No. The oldest known manuscripts of the Quran have no diacritical marks. Arabic notates consonants and long vowels but not short ones. As the vocabulary expanded and the culture of the Arabs changed and expanded, it became necessary to have a way to express short vowels because it was impossible to distinguish words. Ten words could be spelled identically but there was no way to know which word was meant. So diacritical marks--little dots and slashes--were invented to be added to these words to distinguish them from one another. This occurred about the 660s under the reign of Muawiya I of the Umayyad Dynasty. This convention did not exist in Muhammad's time since he was said to have died in 632.

Yet the Quran is written in diacritical marks. So it may be classical Arabic but of a more modern form. I did not mean to imply that it was written in Modern or Literary Arabic although I wasn't clear on that--apologies. The problem is, of course, who made the decision to add the diacritical marks and how do we know they did it faithfully? It could only have been arbitrary and done to push various agendas.

But here are a mess of other problems:

1. The Quran itself as well many hadiths say that the Quran must be in Arabic, that it was delivered in Arabic and only makes sense it Arabic. Why would these assertions even be necessary?? The only reason they would be is because the earliest texts were, in fact, not in Arabic.

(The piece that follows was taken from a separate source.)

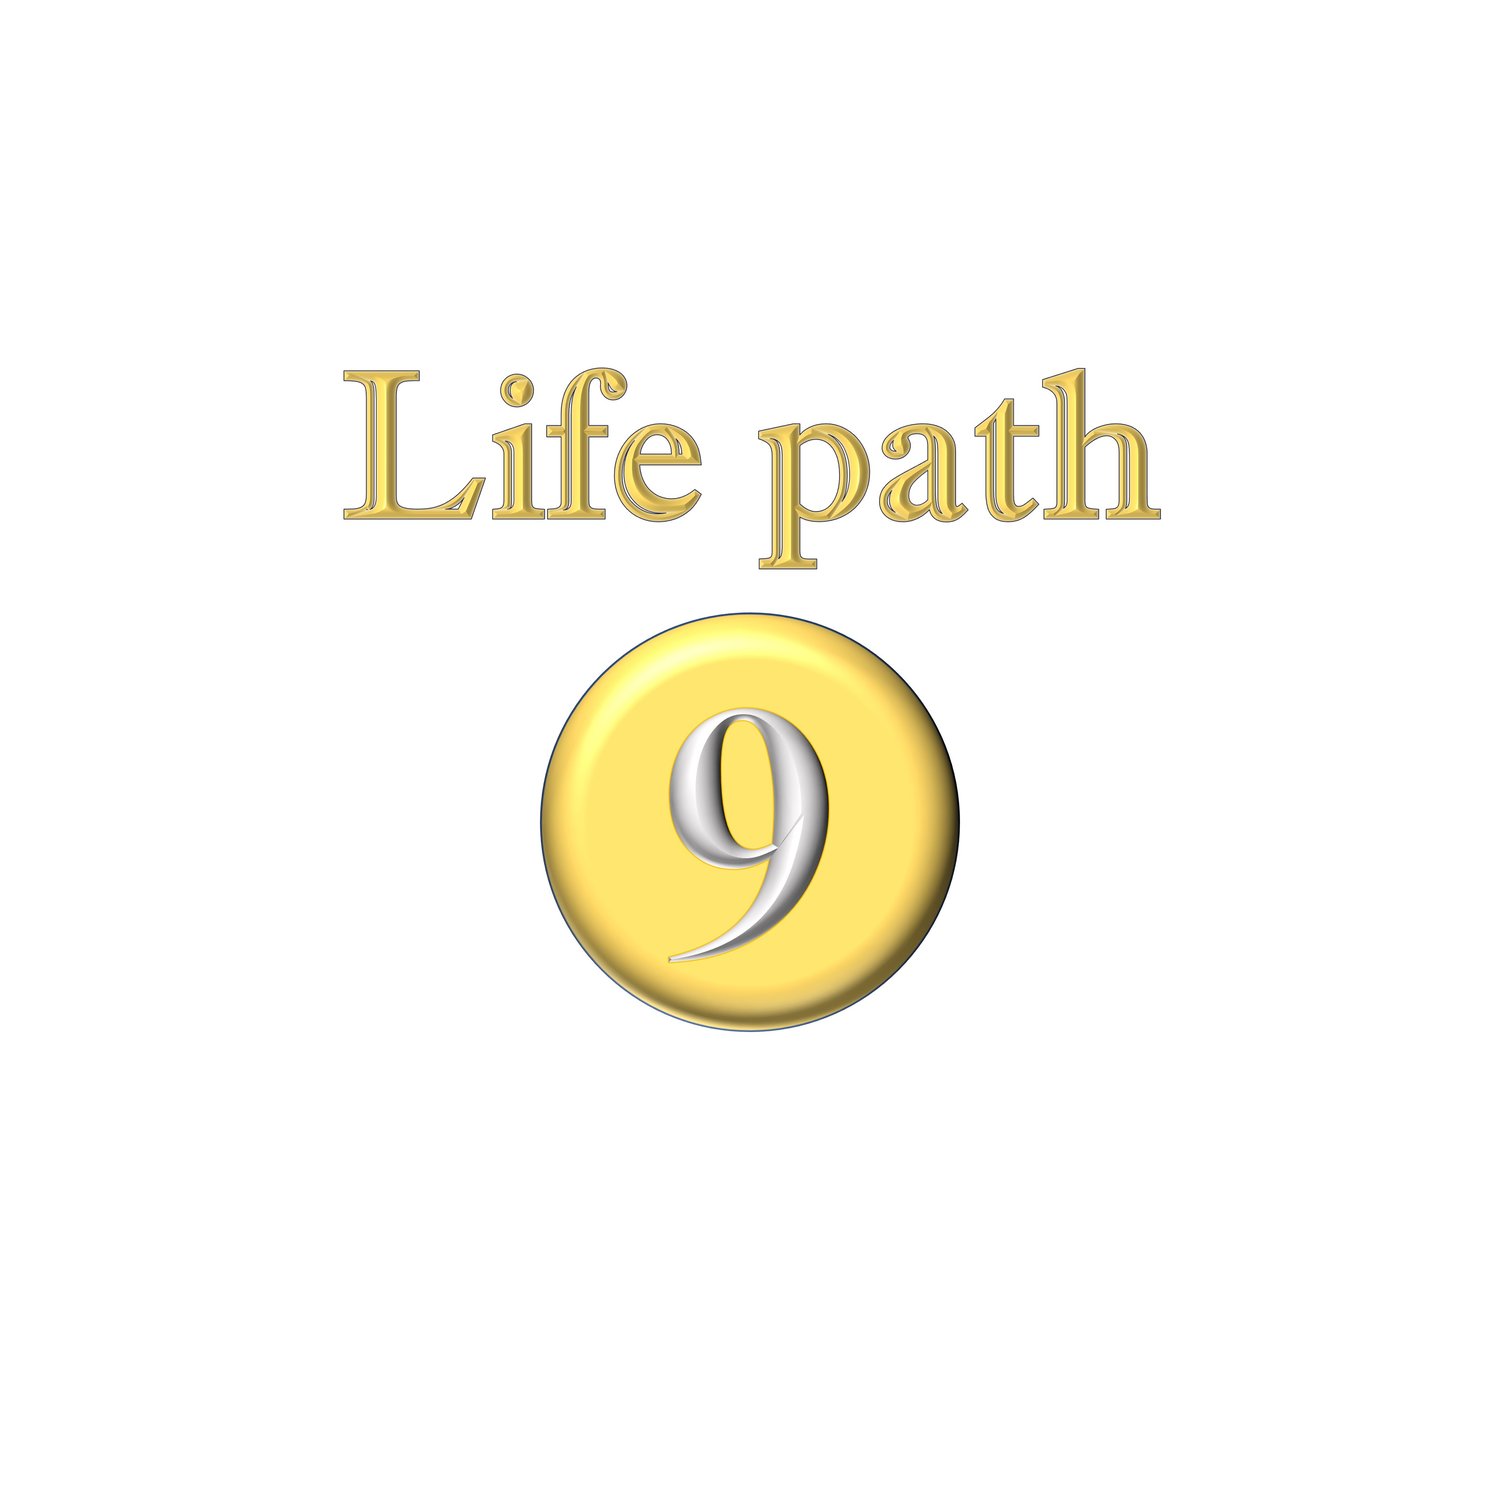 Life path 9

2. Is there evidence of this? Yes, from the Quran itself. Sura 16: 103 makes mention of a mysterious "foreigner" (or "Persian") believed to have supplied Muhammad with his verses. Ibn Ishaq from his book The Life of Muhammad believed this foreigner was "Jabr the Christian, slave of the B. al-Hadrami, and teacher of Muhammad." Muqatil ibn Sulayman, who died in 767, identified the foreigner as Abu Fukayha Yasar whom he states was a Greek-speaking Jew. Muqatil further quotes in his work Tasfir al-Qu'ran Muhammad's chief critic, an-Nasr ibn al-Harith: "The Qur'an is naught but lies that Muhammad himself has forged...Those who help him are Addas, a slave of Huwaytib b. Abd al-Uzza, Yasar, a servant of Amr b. al-Hadrami, and Jabr who was a Jew, and then became a Muslim...This Quran is only a tale of the Ancients, like the tales of Rustam and Isfandiyar. These three [were] teaching Muhammad at dawn and in the evening." 25:4-5 of the Quran virtually restates that very accusation.

3. Since many of the Old Testament stories appear in the Quran, we either accept that they were given to Muhammad by Allah or that others reused earlier non-Arabic material to make the Quran. Many of the verses in the Quran are ambiguous if not unintelligible. About a fifth of the book falls into that category. An example occurs in 2:29 where it is written: "It is He who created for you all that is in the earth, then He lifted Himself to heaven and leveled them seven heavens; and he had knowledge of everything." The Arabic phrase uses "them" but what does it mean? Leveled them seven heavens? What or whom is the "them" the passage refers to?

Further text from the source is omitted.